Source data -

******

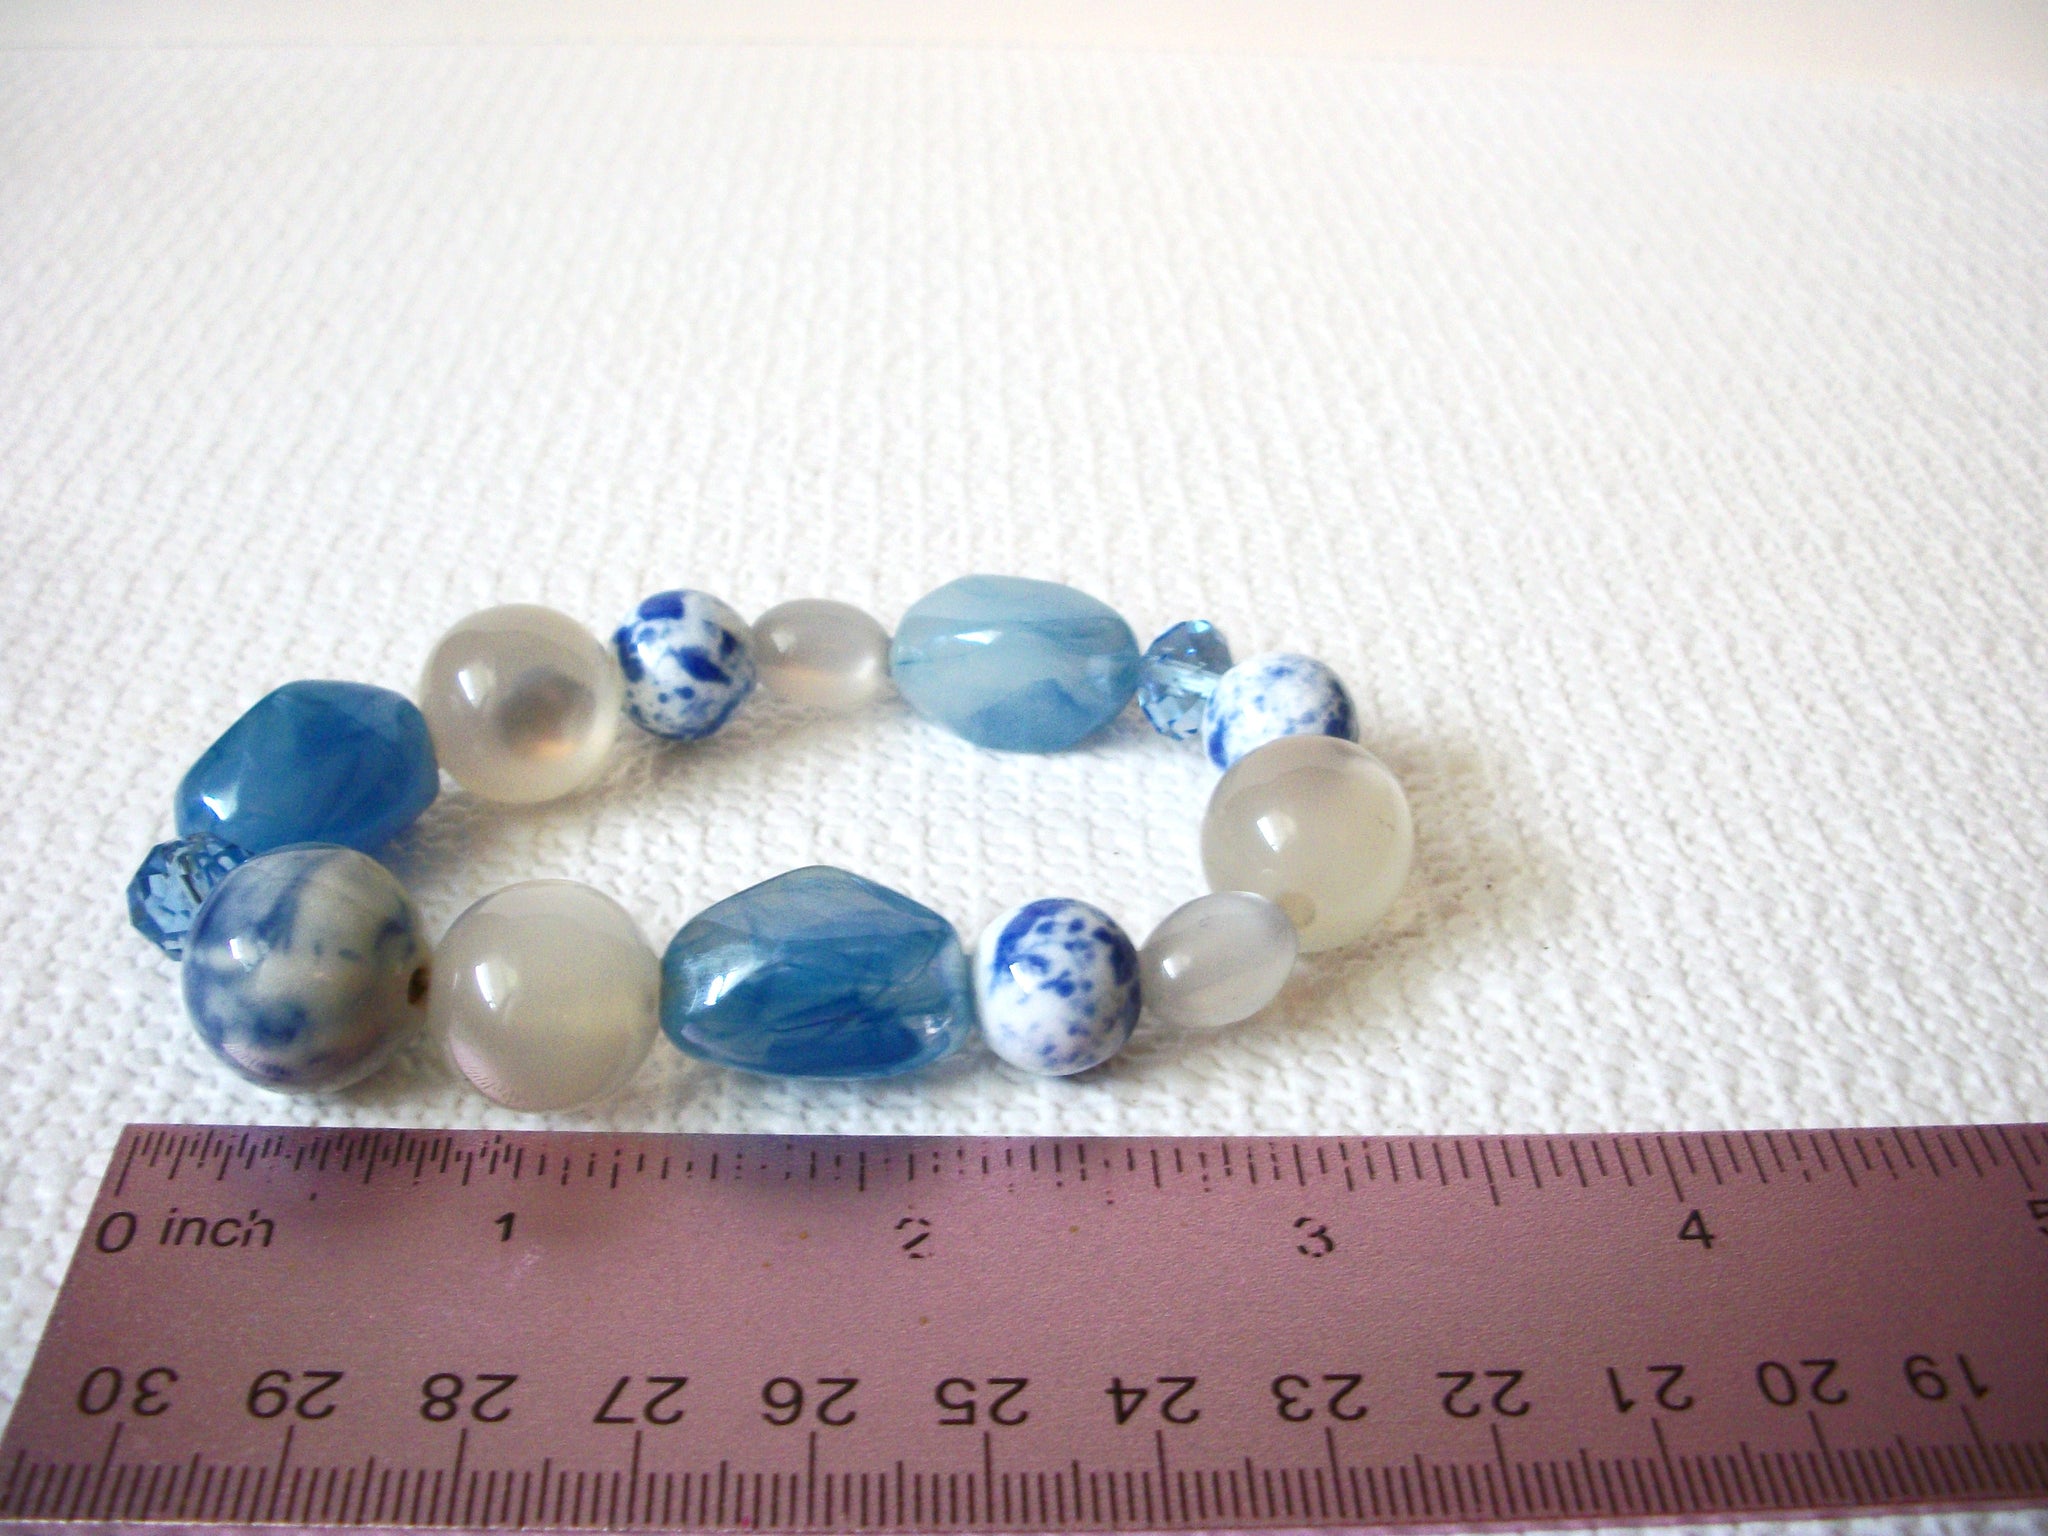 Retro Blue White Moon Glow Marbleized Bracelet 92720
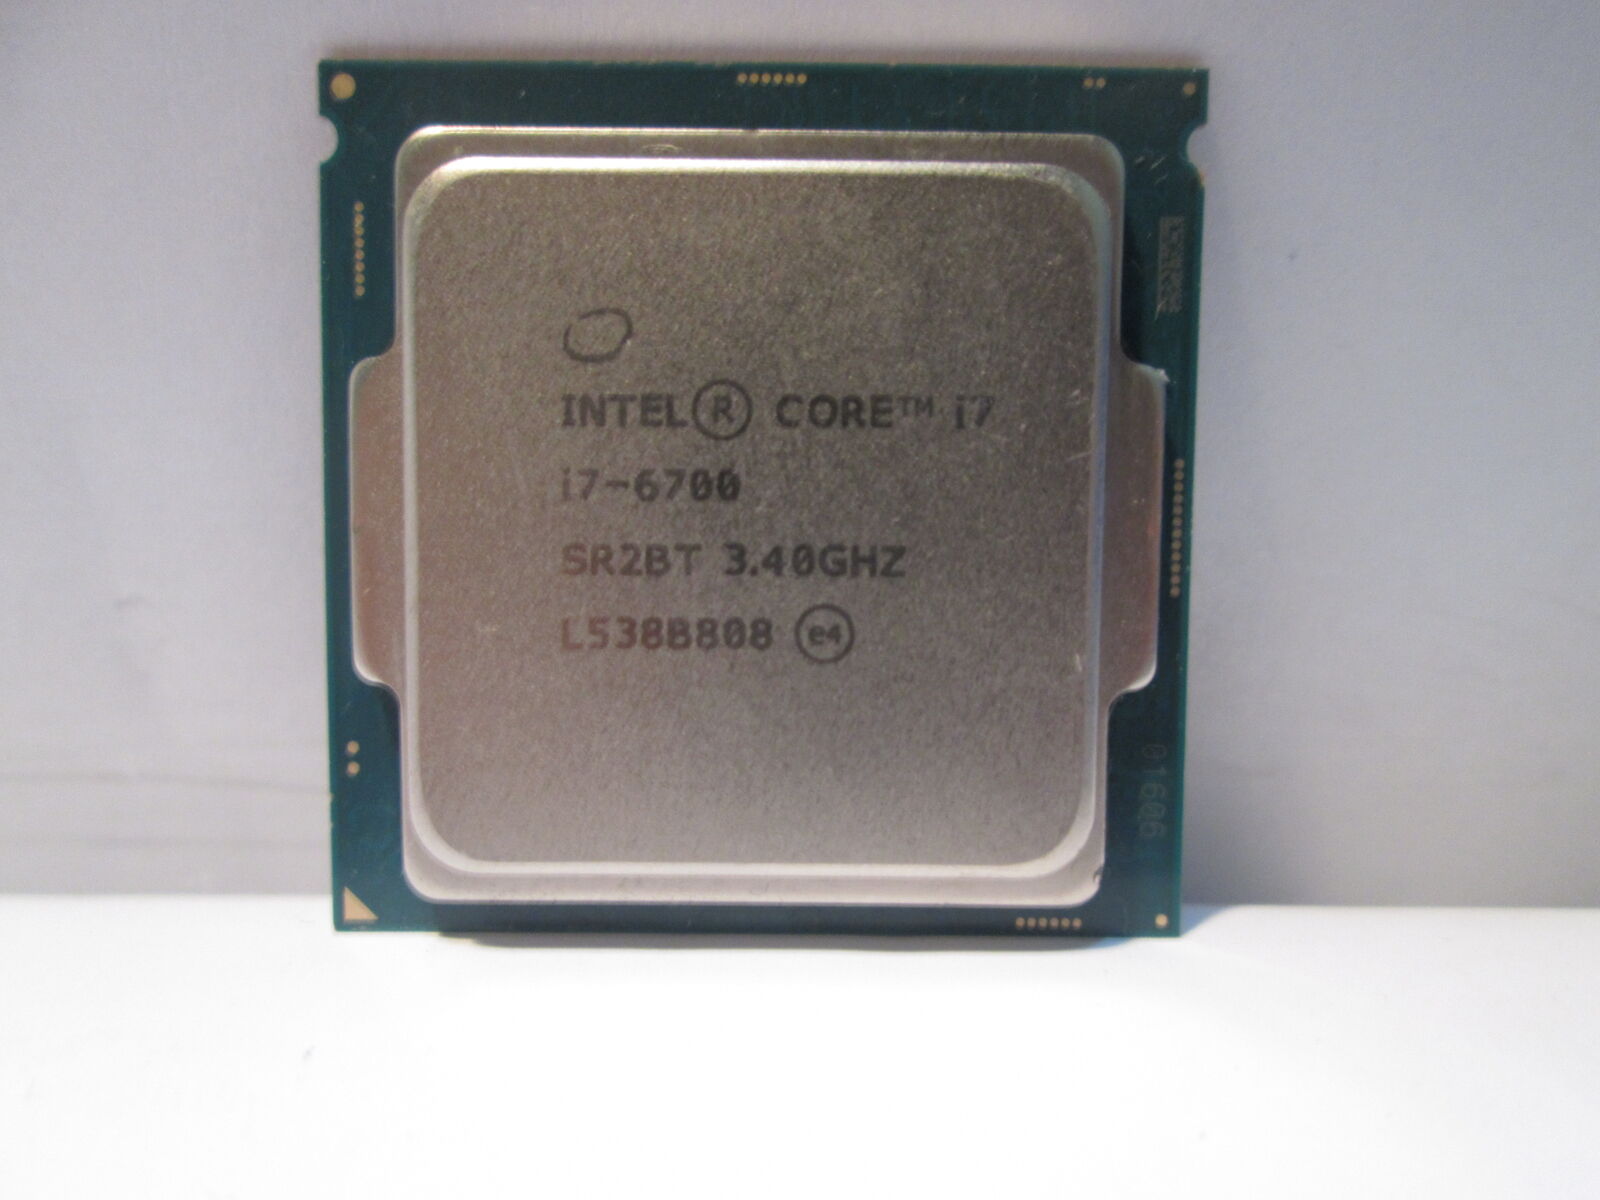 Intel Core i7 i7-6700 3.40GHz SR2BT Desktop Processor Socket 1151 Quad Core CPU
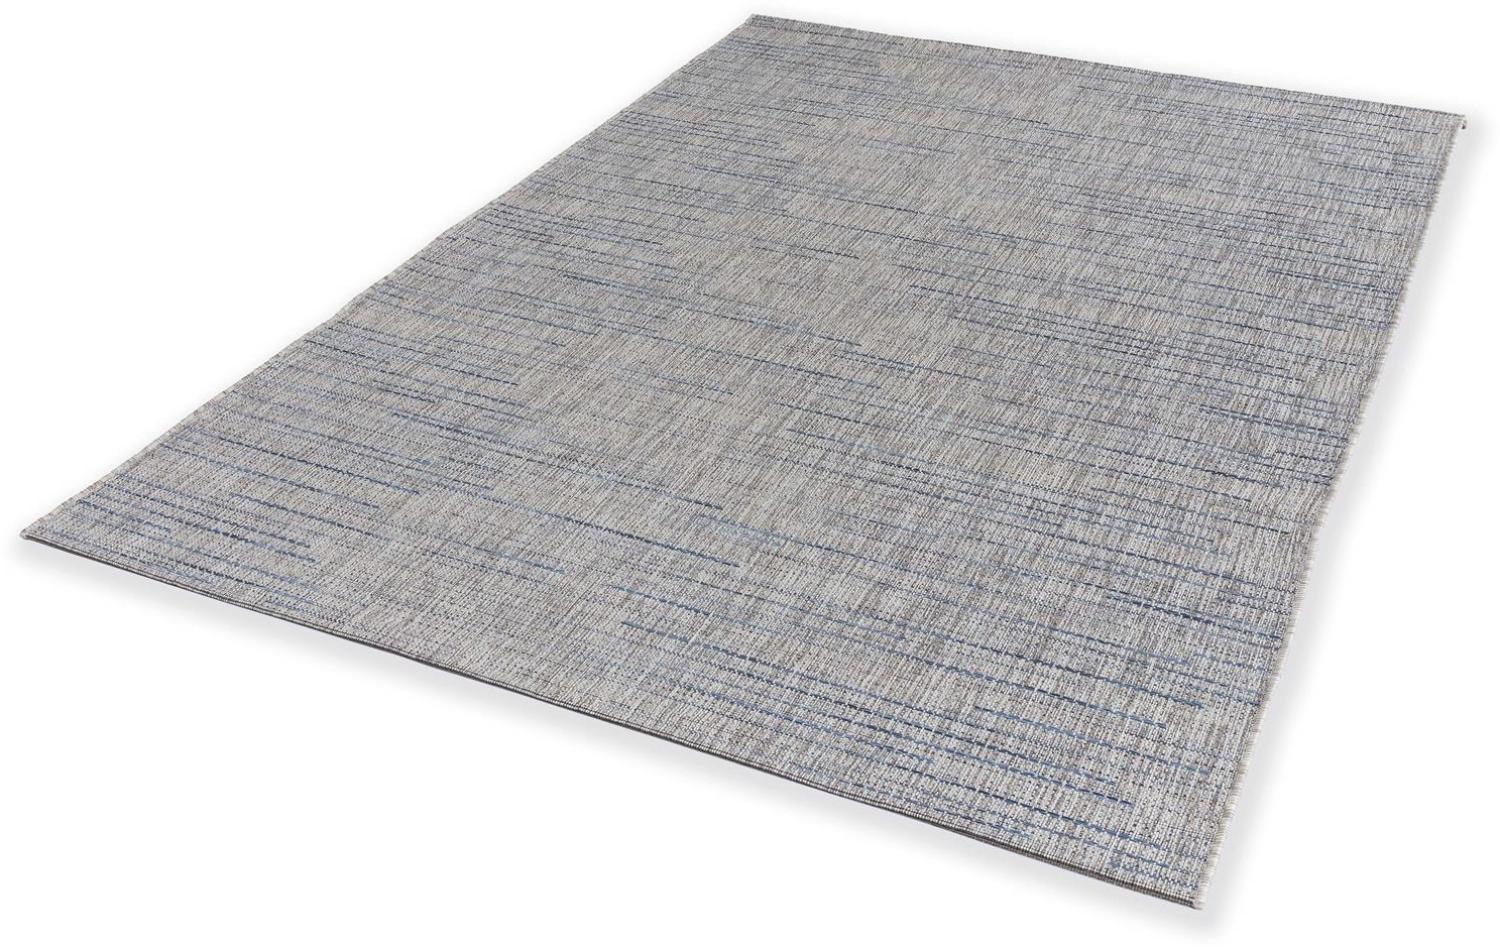 Teppich in blau aus 100% Polypropylen - 230x160x0,5cm (LxBxH) Bild 1
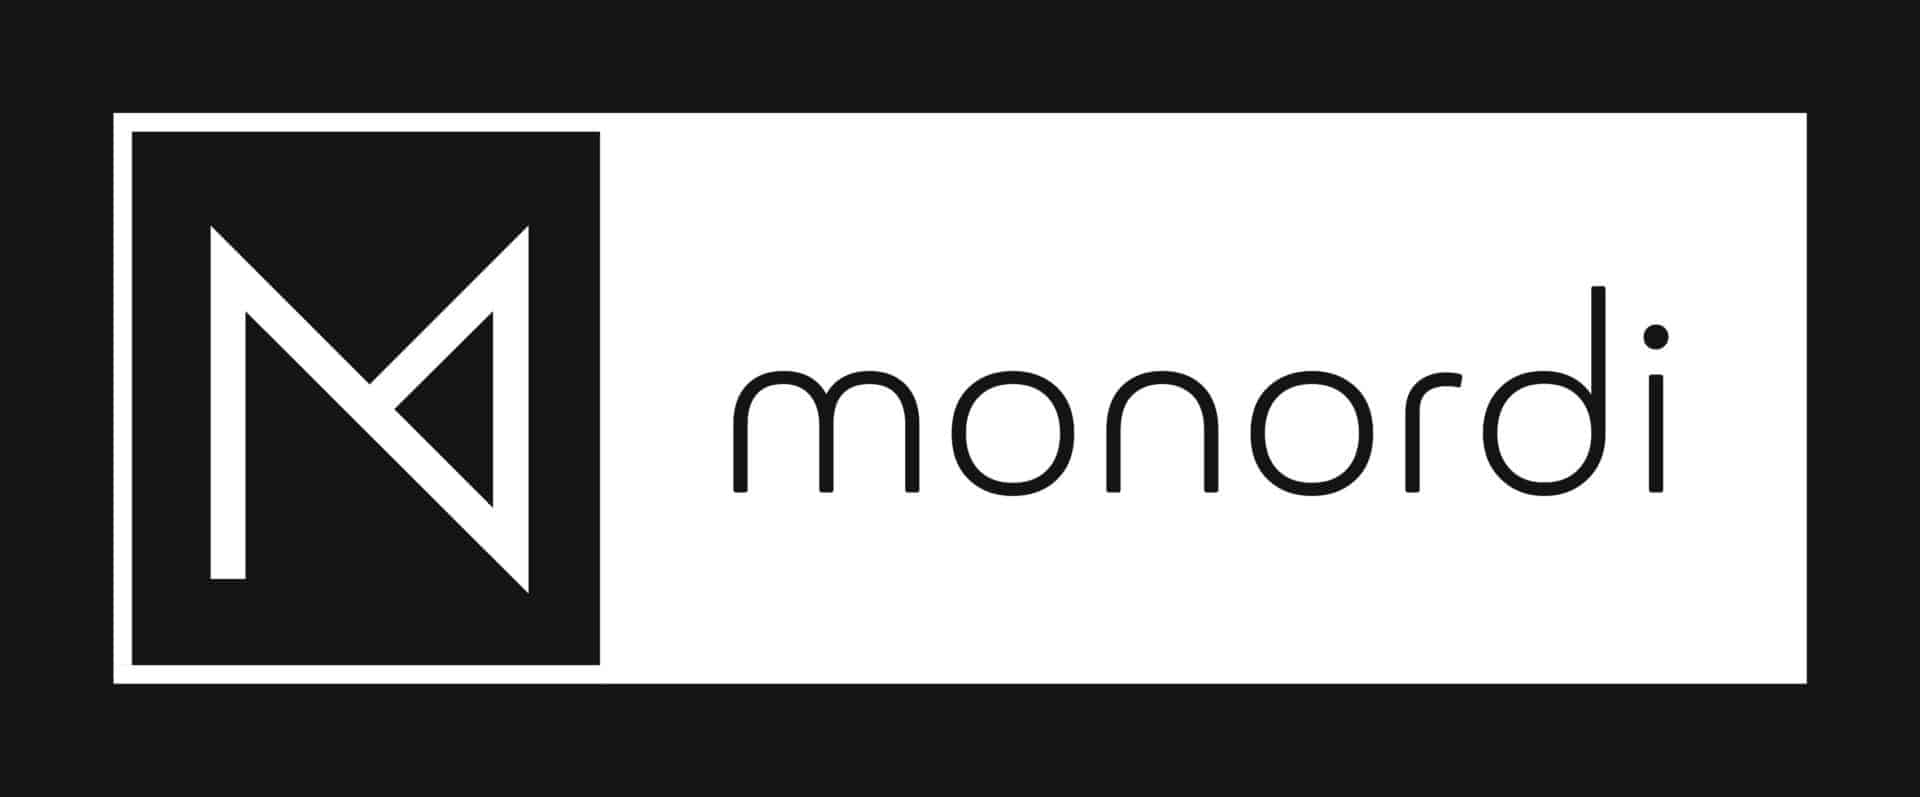 monordi-white_logo_color_background

******

Exercise requirements - Leave the pictures out, and please copy only the lines from the one with "Intel Core i7" through the end of the listing.

Response to the task -
 Intel Core i7 i7-6700 3.40GHz SR2BT Desktop Processor Socket 1151 Quad Core CPU
 Teppich in blau aus 100% Polypropylen - 230x160x0,5cm (LxBxH) Bild 1
 monordi-white_logo_color_background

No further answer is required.